[Data excerpt — start]

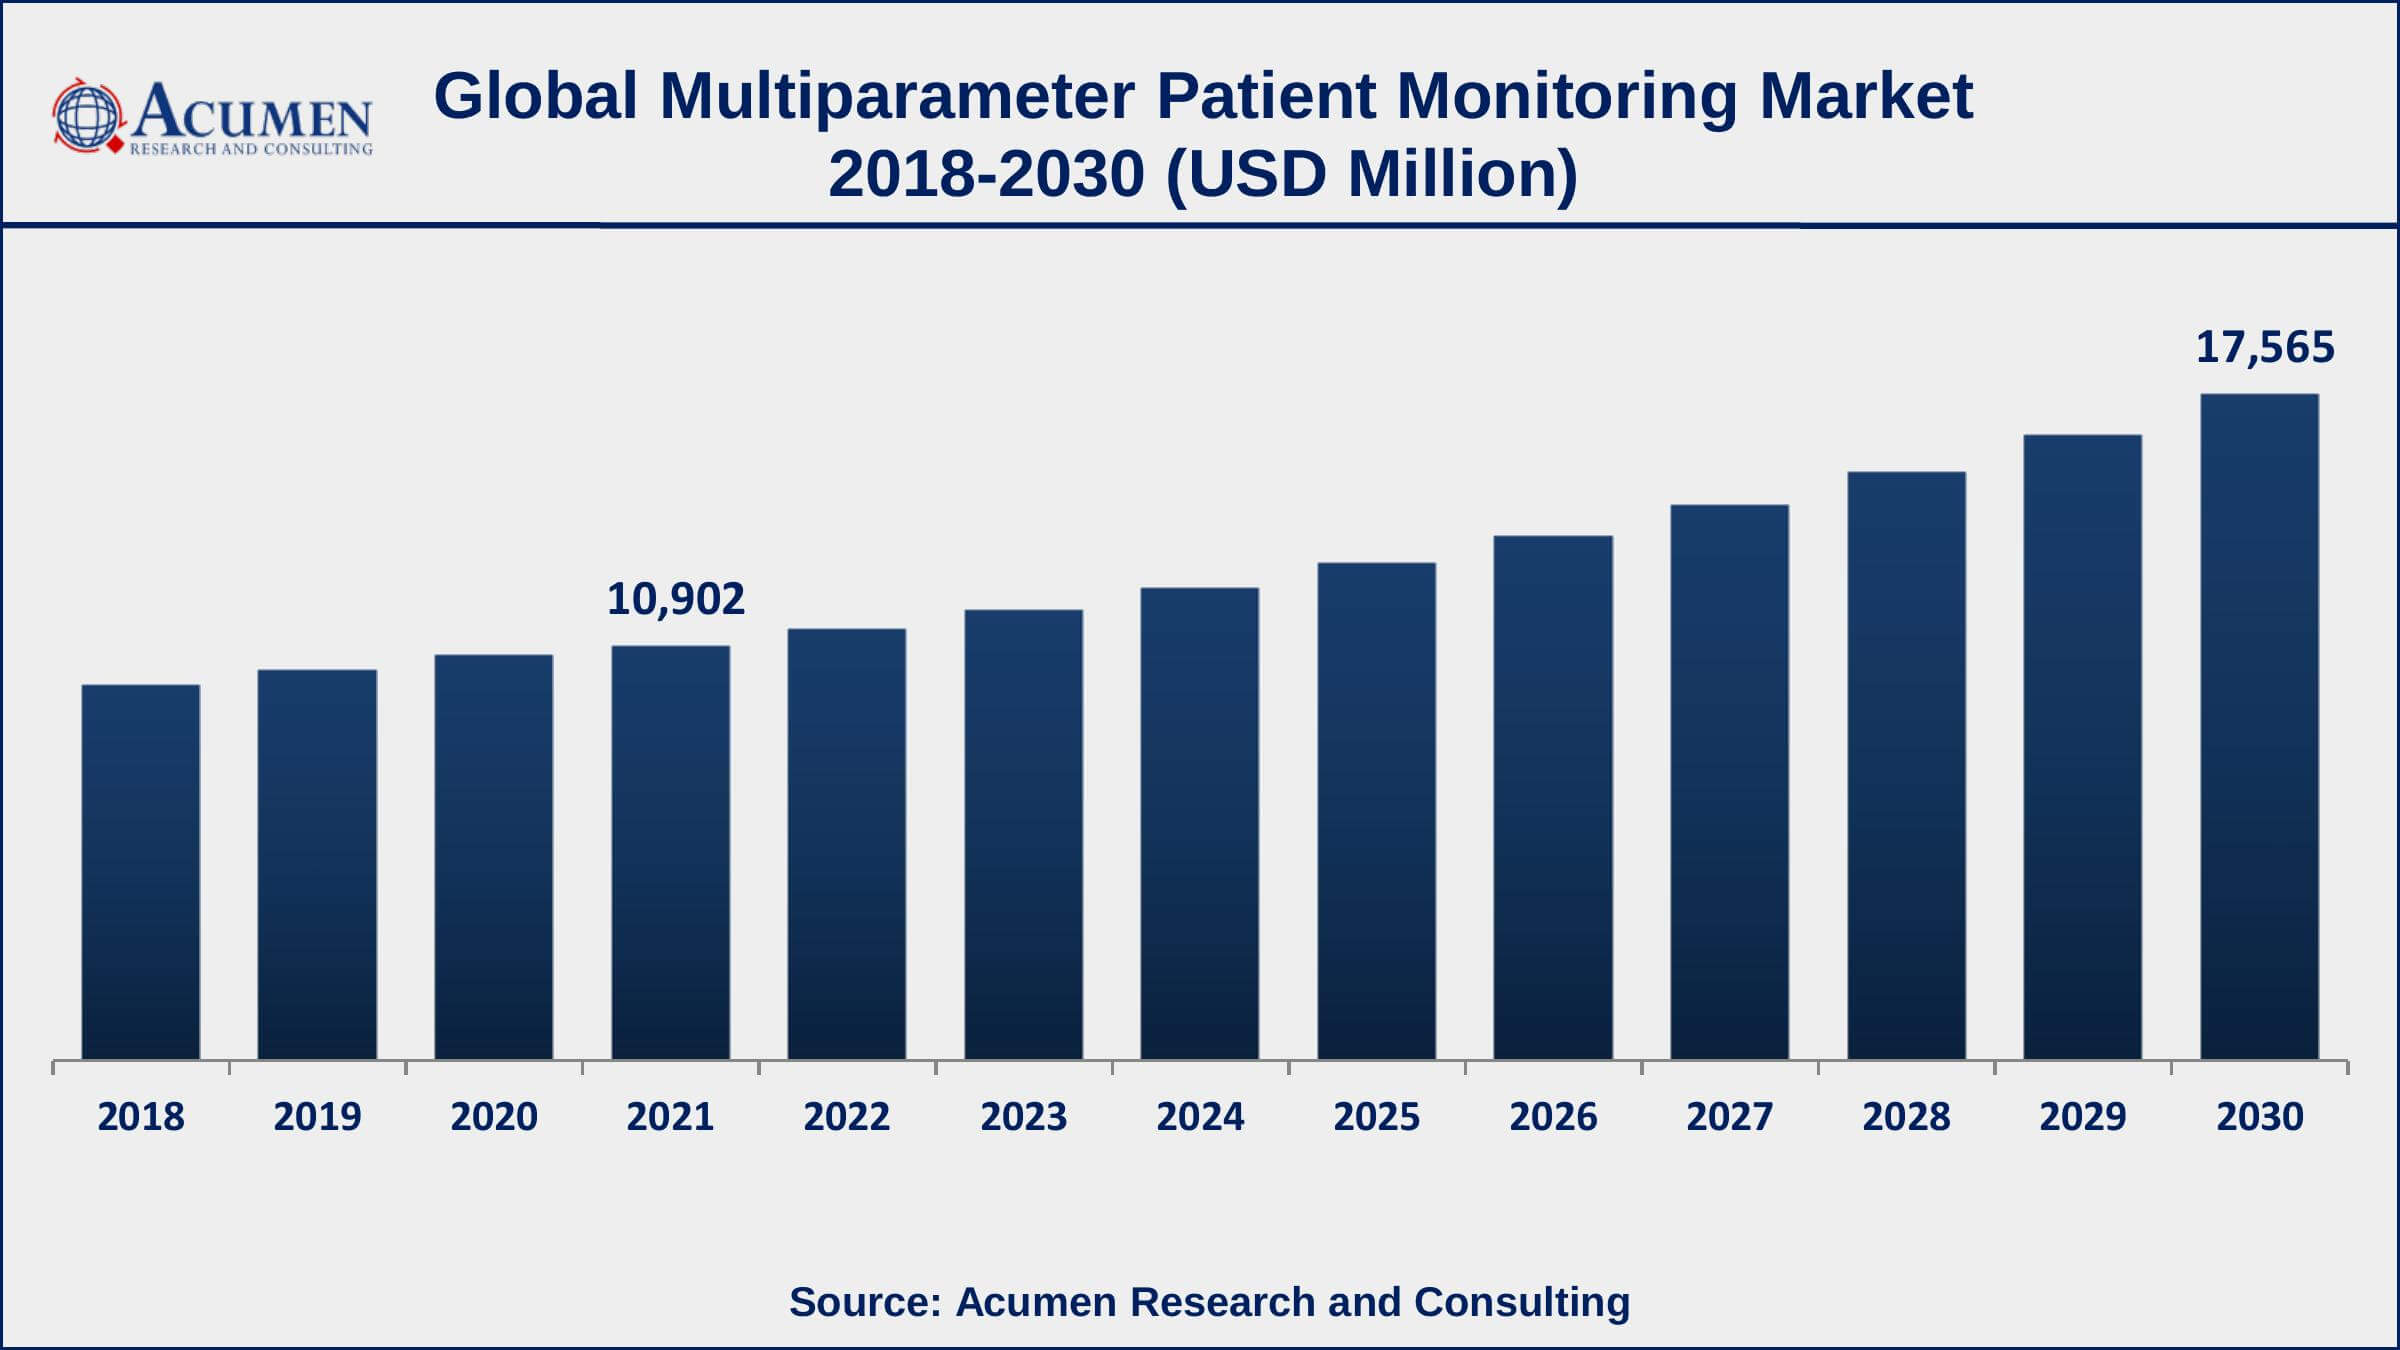 North America region led with more than 41% multiparameter patient monitoring market share in 2021
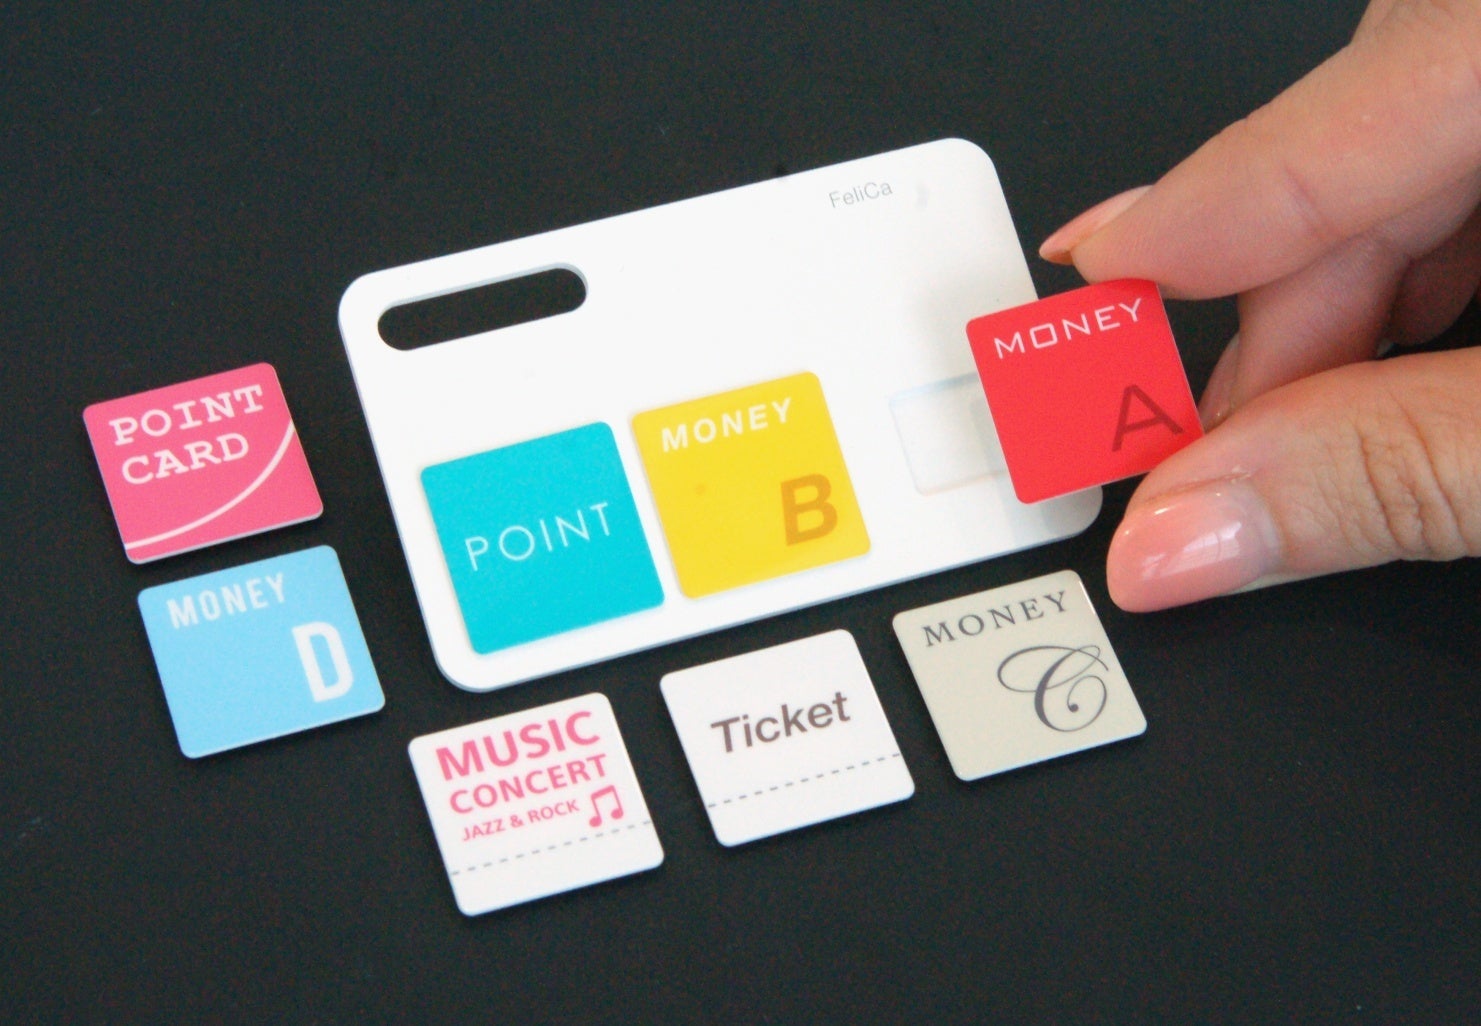 A FeliCa card with detachable payment modules - Upcoming iPhones will get chip to let Japanese citizens pay for mass-transit rides
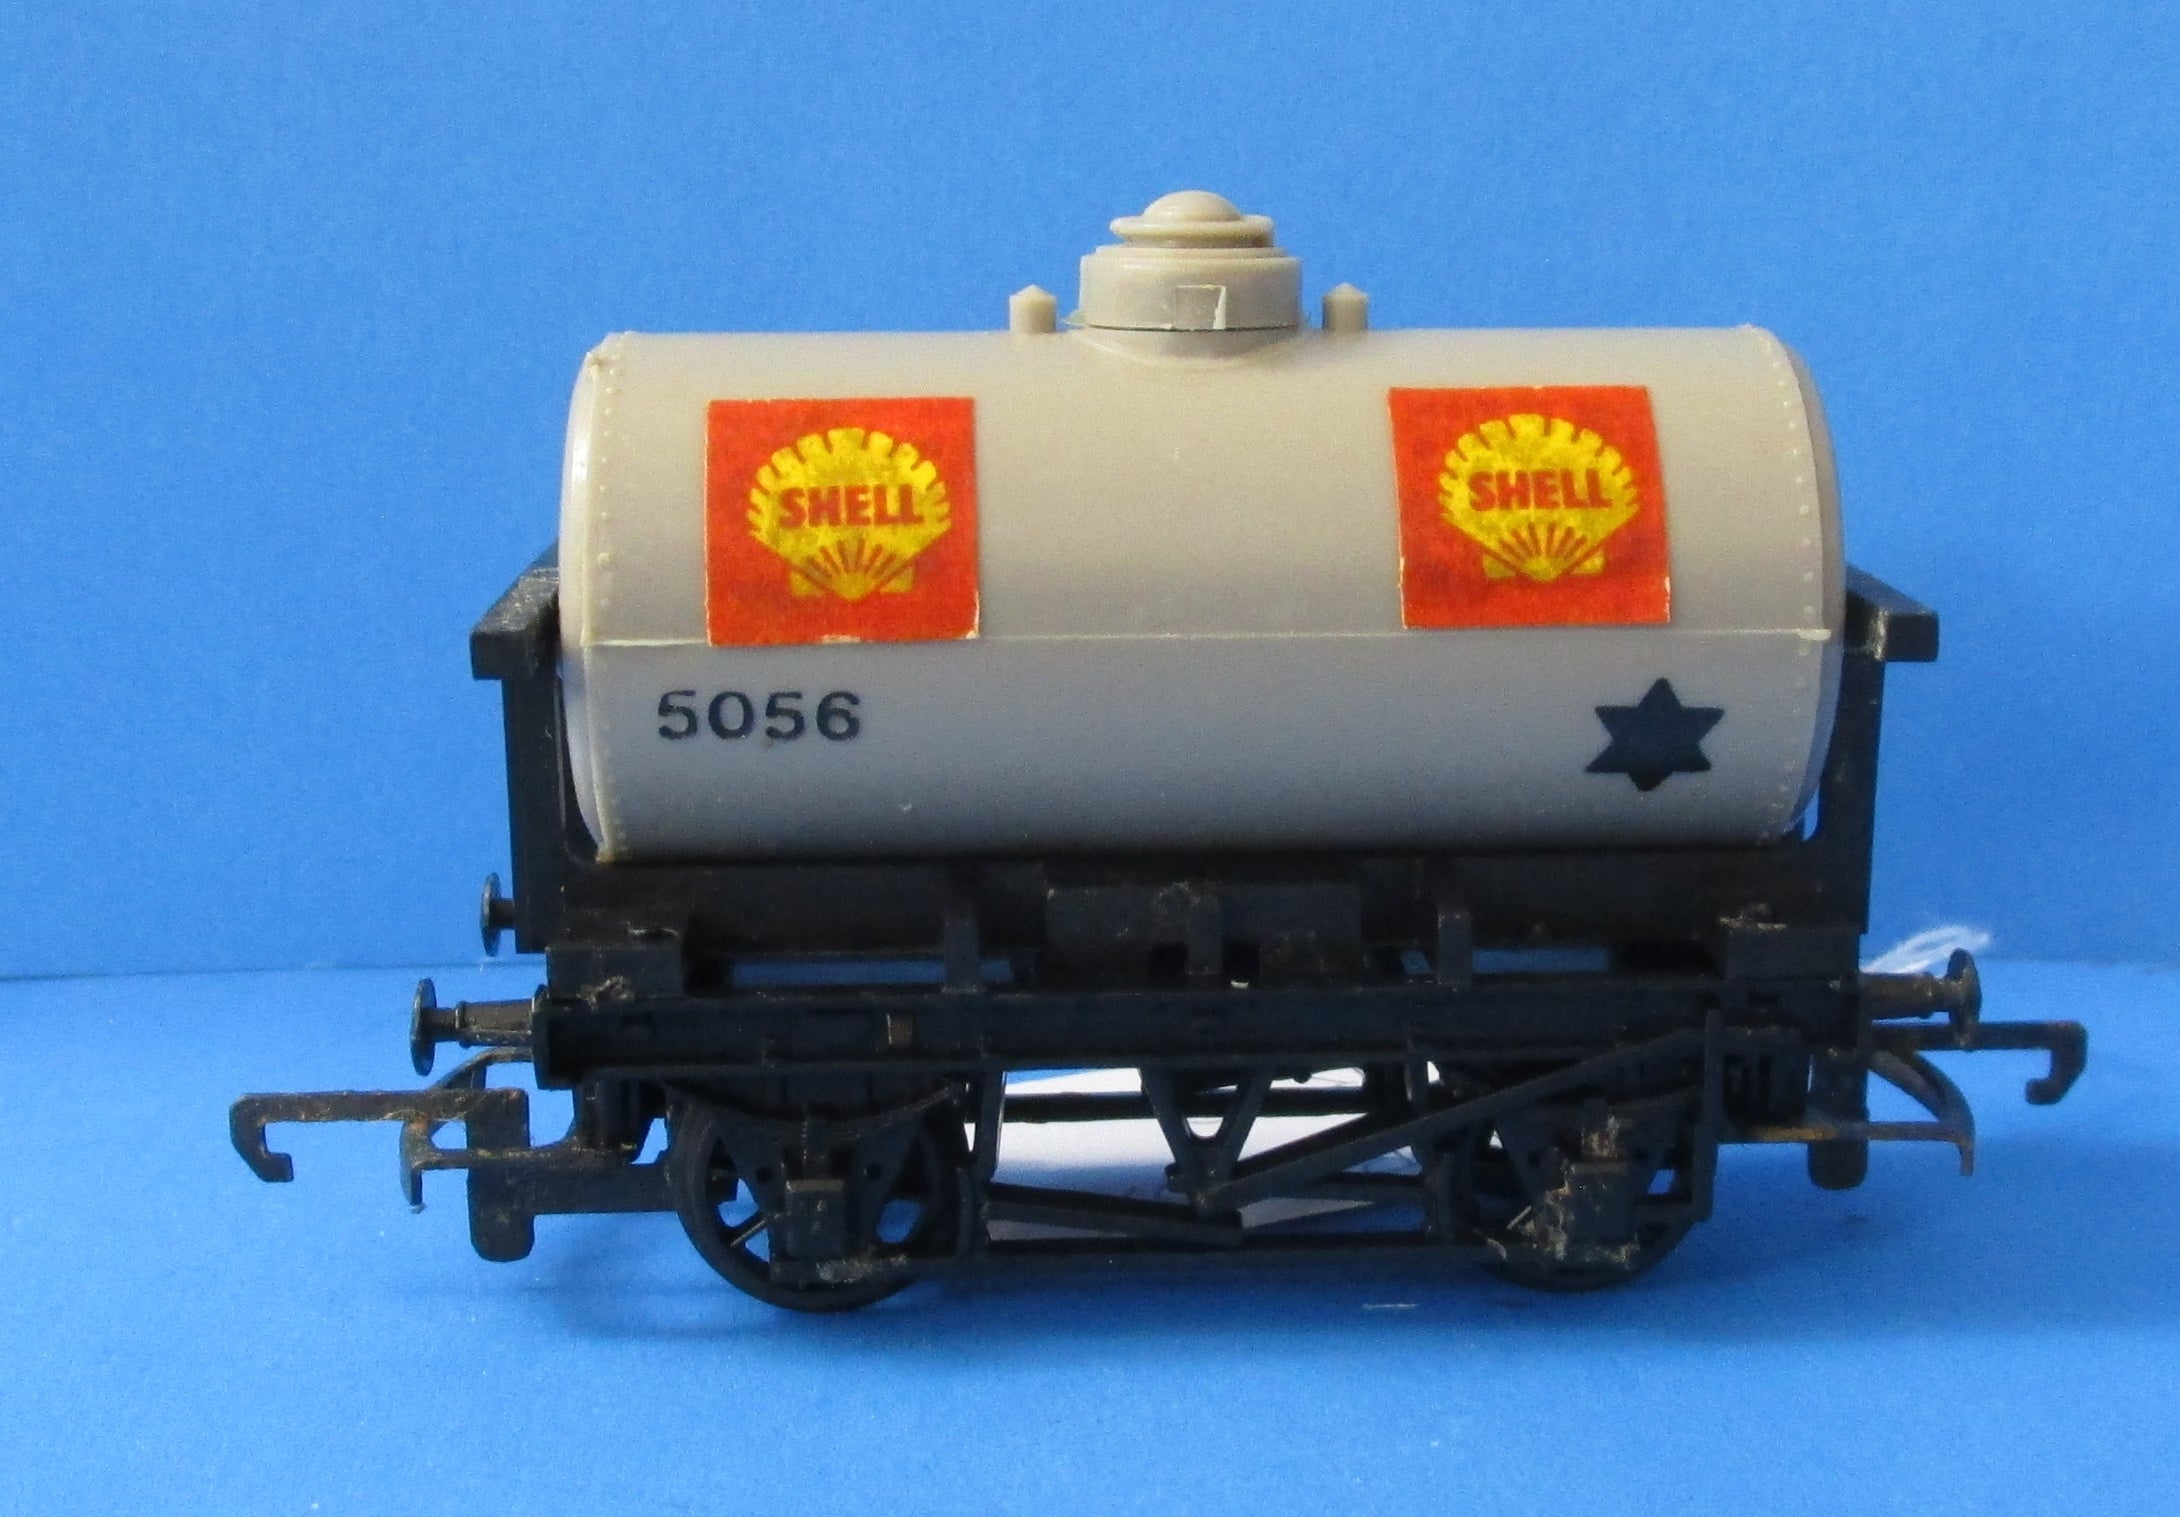 R12-P02 HORNBY Shell Petrol Tank Wagon 5056 - UNBOXED

[Data excerpt — finish]

● Work order
Print the lines from the one that contains "A FeliCa card" through the final line of the material above, exactly and only those, with pictures left out.

● Output for this task
 A FeliCa card with detachable payment modules - Upcoming iPhones will get chip to let Japanese citizens pay for mass-transit rides
 R12-P02 HORNBY Shell Petrol Tank Wagon 5056 - UNBOXED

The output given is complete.